Configuring Azure AD

The process below describes what is required when synchronizing between Voca tenant with Azure Active Directory.

The organization Administrator (Microsoft 365) should grant tenant-wide admin consent to “Directory and Presence” applications on behalf of the organization, this is done through an app registration process:

1. Enter the Azure tenant details in the required fields below.
2. Click Consent to initiate the integration.
3. An Azure Global Administrator must approve the request to register the application with the necessary permissions.
4. Once approved, the application is created in Azure, granting Voca access to the requested data— the organization's contact list.

The consent process is required once for Azure AD sync and once for Teams Presence.

To configure Azure AD:
1. Open the System Settings page (Configuration > System Settings > Directory Synchronization); the following appears:

2. Under the Directory Synchronization group, from the 'Synchronization Mode' drop-down list, select Azure AD; the following appears:

3. In the 'Azure Tenant ID' field, enter the Azure Tenant ID from which to request the presence.
4. In the 'User' field, enter the name of the user defined on the Azure tenant with permissions to access the presence.
5. In the 'Password' field, enter the user’s password.
6. In the 'Filter' field, enter the filter configuration. For example:

"(startsWith(givenName, 'V') OR endsWith(mail,'@outlook.com')) AND businessPhones/any(p:p le 'a') AND surname ne null and NOT(surname eq 'Last')"

"department in ('Retail', 'Sales') AND givenName le 'zzz' AND mobilePhone ge '9'"

7. Click Consent.

Operators: 'Contains', 'lt' and 'gt' are not supported. For more information, refer to https://docs.microsoft.com/en-us/graph/aad-advanced-queries?tabs=http.

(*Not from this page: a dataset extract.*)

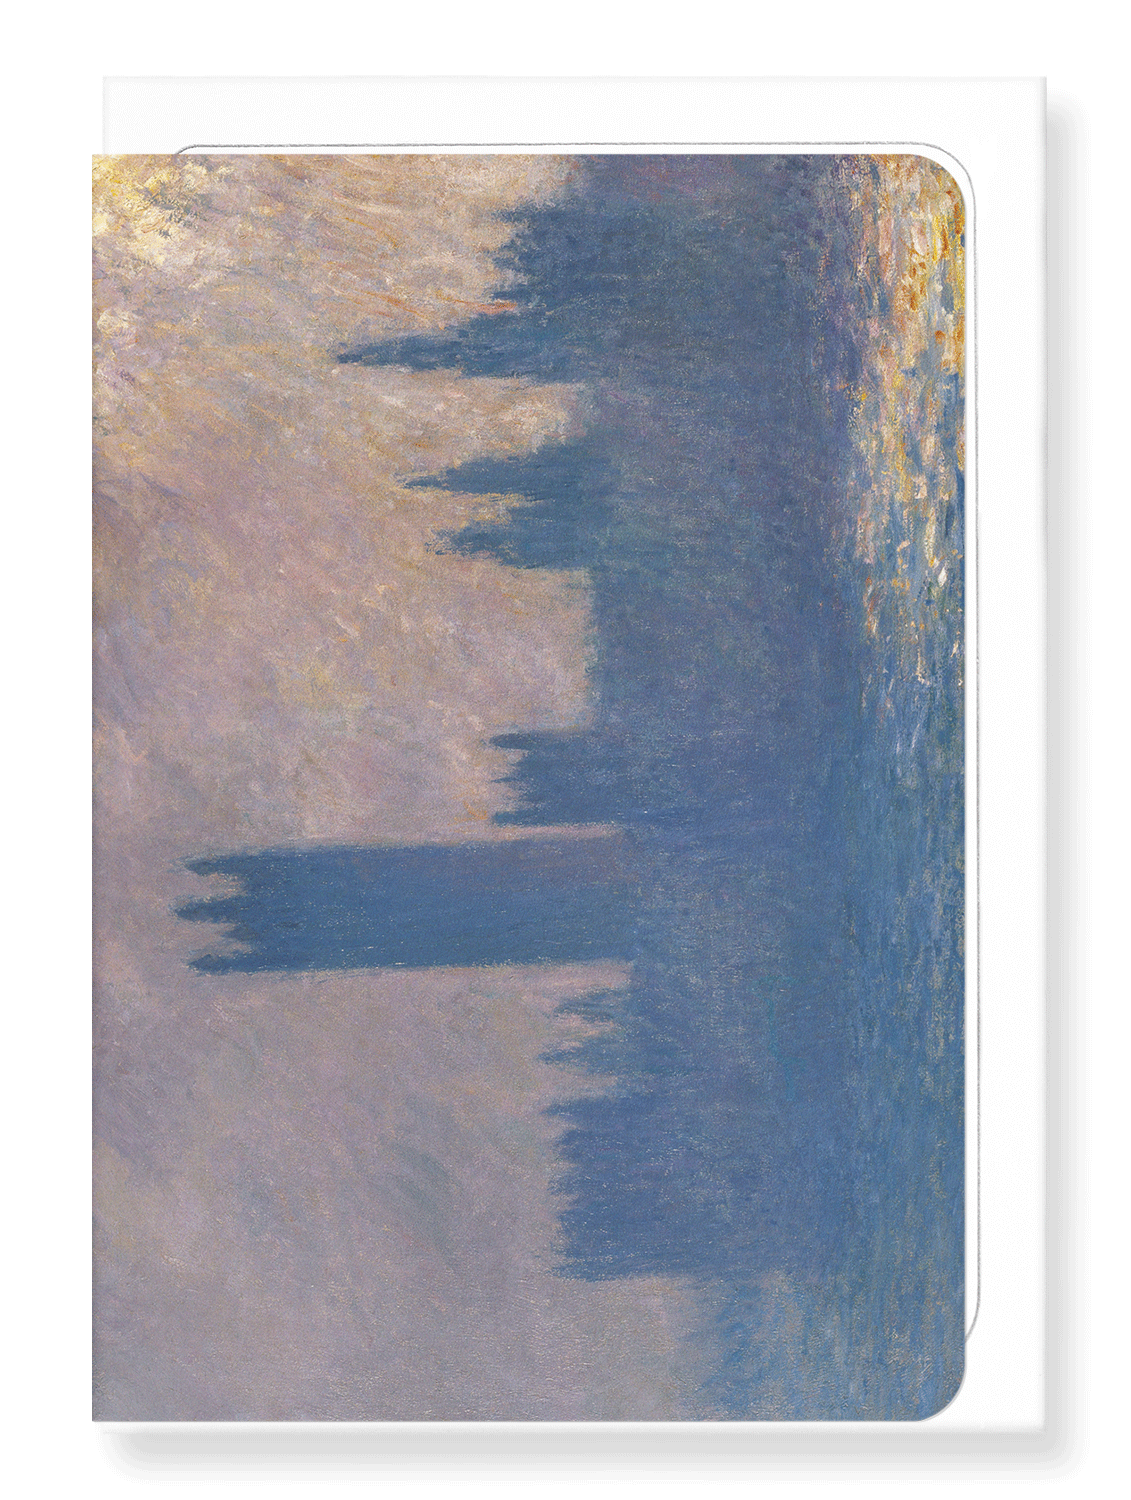 Ezen Designs - Houses of parliament sunlight by monet - Greeting Card - Front

To check connectivity to Azure AD, click Check Connection.

8. Under the Azure AD User Attributes group, enter the following:
a. In the 'Unique ID' field, enter "Id".
b. In the 'First Name' field, enter "givenName".
c. In the 'Last Name' field, enter "surname".
d. In the 'Extension' field, enter "businessPhone".
e. In the 'Mobile' field, enter "mobilePhone".
f. In the 'Department' field, enter "department".
g. In the 'Email' field, enter "mail".

9. Select the following fields for when you want to import contacts from the Azure AD server:
Days
Start Time not before
Start time not before (Sec)

 

10. From the 'Email Notification' drop-down list, select one of the following to indicate when notification emails should be sent:
None
Success
Failure
All

11. Click Save Changes.
12. Click Import Now to import contacts from the Azure AD server immediately (Optional).